Source records
_ _ _ _ _ _ _
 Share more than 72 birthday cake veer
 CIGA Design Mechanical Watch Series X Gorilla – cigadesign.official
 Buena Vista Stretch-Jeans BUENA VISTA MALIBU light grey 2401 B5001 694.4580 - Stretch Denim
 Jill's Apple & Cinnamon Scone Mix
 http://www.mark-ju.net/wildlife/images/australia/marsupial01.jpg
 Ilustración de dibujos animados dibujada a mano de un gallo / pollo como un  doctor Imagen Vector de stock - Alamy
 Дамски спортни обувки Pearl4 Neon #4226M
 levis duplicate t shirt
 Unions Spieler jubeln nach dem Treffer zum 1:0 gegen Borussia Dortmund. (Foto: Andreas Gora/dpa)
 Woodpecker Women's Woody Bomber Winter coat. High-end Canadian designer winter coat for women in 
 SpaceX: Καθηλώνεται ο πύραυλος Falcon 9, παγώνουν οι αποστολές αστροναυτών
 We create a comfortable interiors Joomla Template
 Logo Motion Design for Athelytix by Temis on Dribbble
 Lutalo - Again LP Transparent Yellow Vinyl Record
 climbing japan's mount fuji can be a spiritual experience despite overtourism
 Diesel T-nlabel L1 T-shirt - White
_ _ _ _ _ _ _
What you should do> In the records, which lines mention the word "shirt"? Copy those lines.

Answer to this problem>
 levis duplicate t shirt
 Diesel T-nlabel L1 T-shirt - White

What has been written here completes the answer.